Brazil’s president just came one step closer to impeachment


SÃO PAULO — Two court rulings in two days have raised the real possibility that Brazil’s already beleaguered president, Dilma Rousseff, could face impeachment proceedings.

The most immediate challenge comes from Wednesday’s ruling by Brazil’s top audit court that the government manipulated its 2014 accounts. The court said the book-cooking was aimed at covering up a widening fiscal deficit in order to justify maintaining social spending ahead of Rousseff’s narrowly-won reelection last October.

Rousseff summoned ministers to a meeting on Thursday to discuss the judgment’s implications.

statement from the president’s office said earlier that the government was “fully confident there were no legal motives” to justify the court’s decision. Solicitor-general Luís Inácio Adams said he would be launching an appeal in the Supreme Court.

But opposition lawmakers, who embraced each other and applauded when the ruling was read out on Wednesday, are insisting the end is nigh for Rousseff’s second presidential term at a time when she is trying to force austerity measures through Congress amid single-digit personal approval ratings, and with the economy in recession.

Rousseff’s main rival in last year’s elections, Senator Aécio Neves, who leads the main opposition Brazilian Social Democracy Party, or PSDB, said the ruling was “historic” and had “proved” the president had committed impeachable crimes.

Rubens Bueno, leader of opposition Popular Socialist Party, said the court’s decision had “buried this administration once and for all.”

Congress must now vote on whether to accept the ruling’s recommendation to reject the accounts, and whether there are grounds to start impeachment proceedings.

[UPDATE: However, opposition legislators now say they want to press on with proceedings next week regardless of Congress’s approval or rejections of the government’s 2014 accounts — which might only reach a vote in 2016.]

Rousseff’s leftist Workers’ Party, or PT, is part of a cumbersome nine-party coalition that has a slim majority that could allow her to face down such a bid, though the party’s most powerful ally, the Brazilian Democratic Movement Party, or PMDB, has recently been distancing itself from Rousseff’s government.

The accounts court ruling came a day after Brazil’s highest electoral court on Tuesday decided to reopen an investigation into the financing of Rousseff’s 2014 reelection campaign.

The electoral court’s decision is a side effect of a separate criminal probe into a vast kickback scandal centered on the state-run oil giant Petrobras.
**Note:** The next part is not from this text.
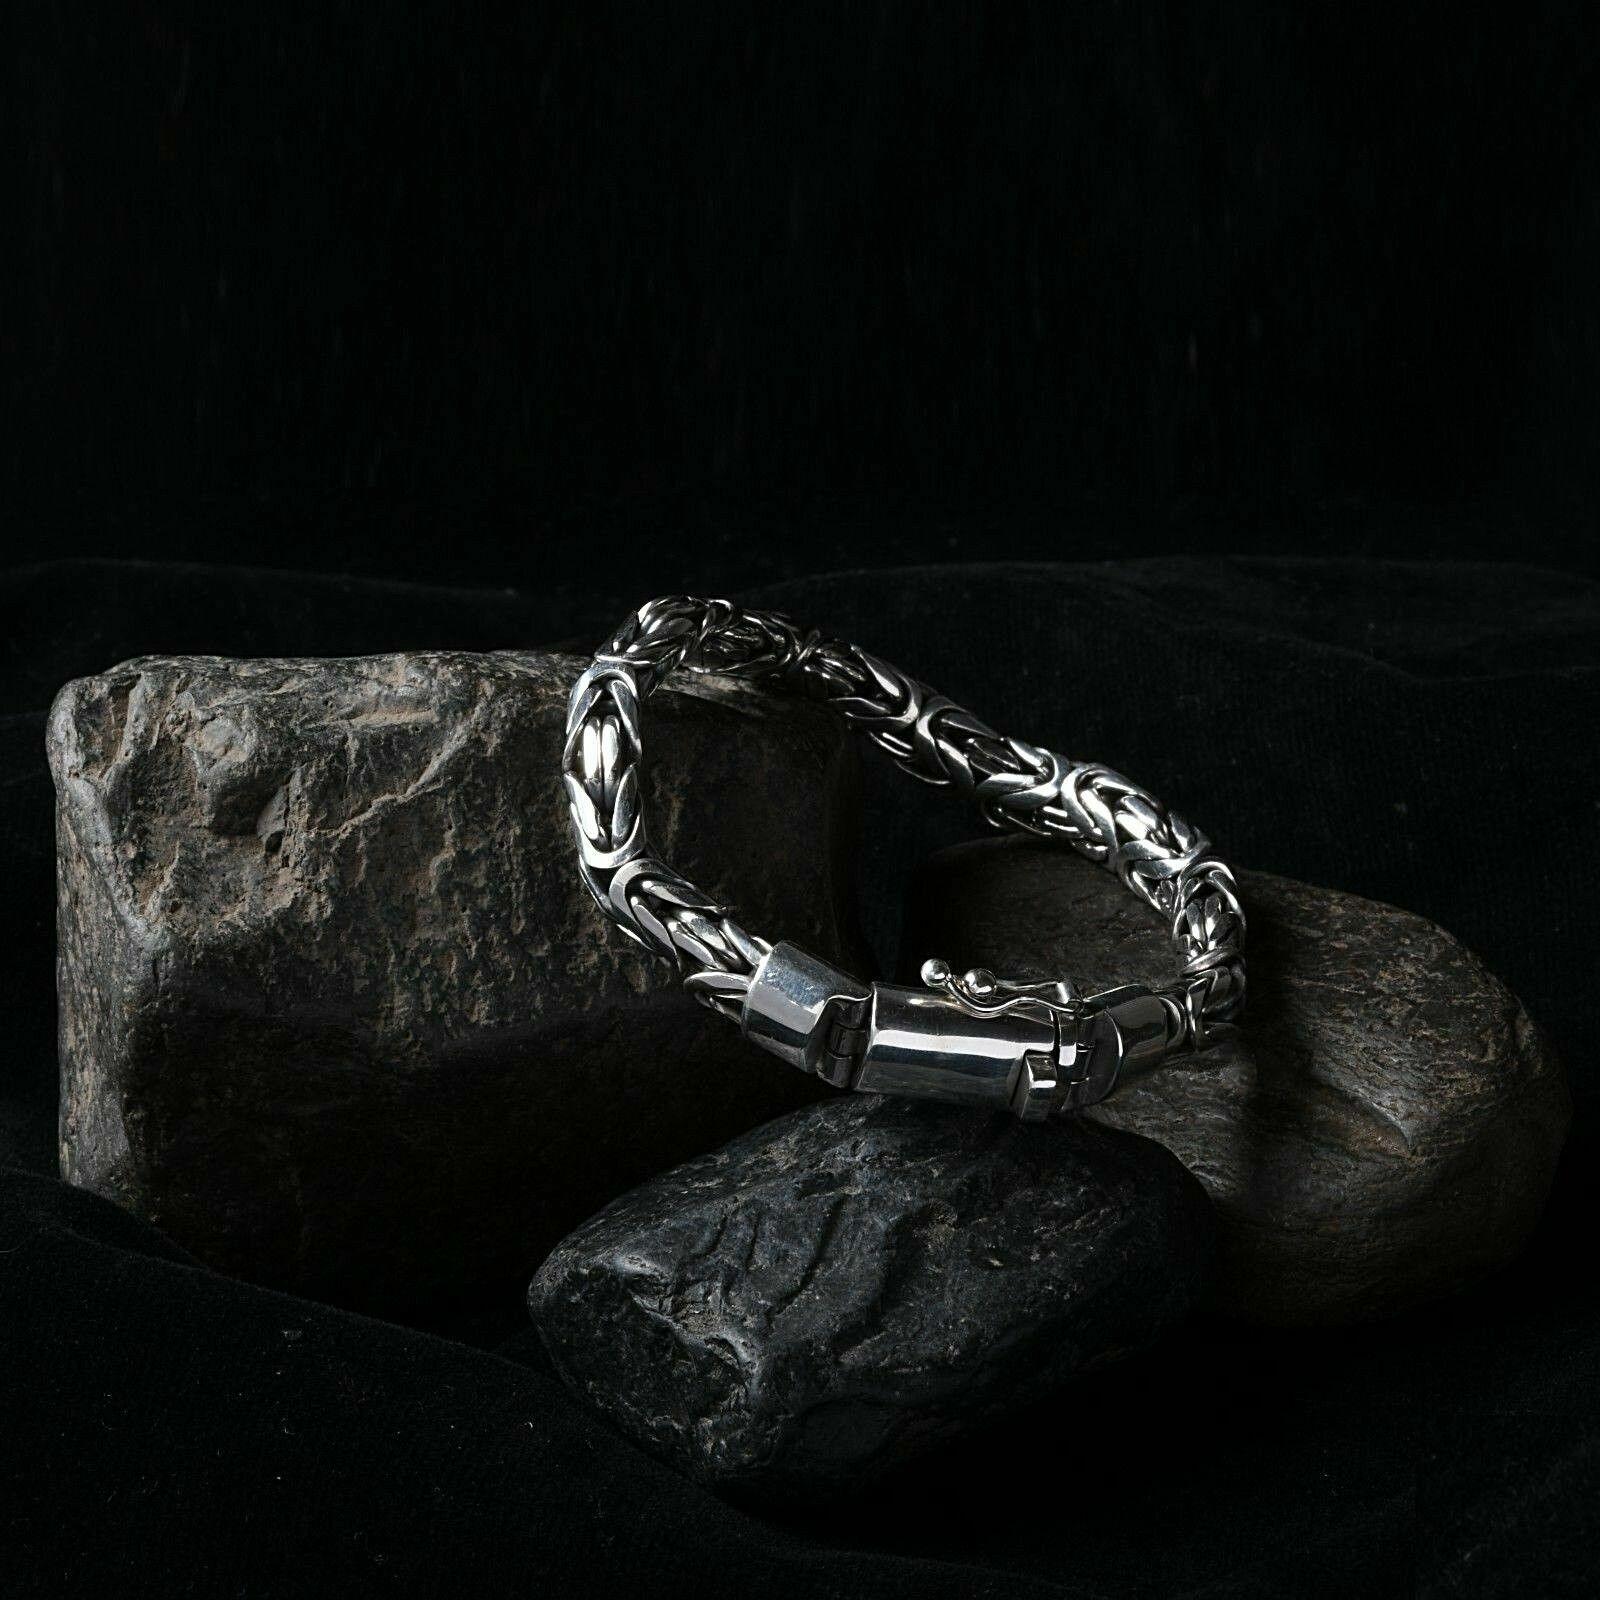 HEAVY Bali Handmade 8 mm Solid 925 Sterling Silver Oxidized Byzantine Bracelet - Inspiring Jewellery

Witnesses in that investigation said in plea bargain testimony that funds from the corruption network were, in part, funneled to ruling parties, including the PT and other coalition partners.

The PT has denied any irregularities in its campaign funds that, if proved, could lead to the annulment of Rousseff’s victory.

Experts say Rousseff could face a third challenge to her presidency if the Petrobras corruption investigations find evidence of a direct link to her. The president has denied all knowledge of the scams, despite chairing the company’s board of directors between 2003 and 2010, when much of the wrongdoing is alleged to have taken place.

Political scientist David Fleischer, of the University of Brasília, said the accounts court ruling is the most pressing of the potential impeachment scenarios as the process could take just five or six months, whereas the electoral court investigation would need at least a year.

Rousseff’s immediate future consequently depends on her ability to shore up her support among legislators.

Her efforts so far include a major cabinet reshuffle last week in which she gave key ministerial prizes to her heavyweight PMDB coalition partners, which she announced would provide “greater governability.”

To Fleischer, however, they looked more like a sign that the president is running out of options:

“The political moves made by Rousseff are looking increasingly desperate and indecisive.”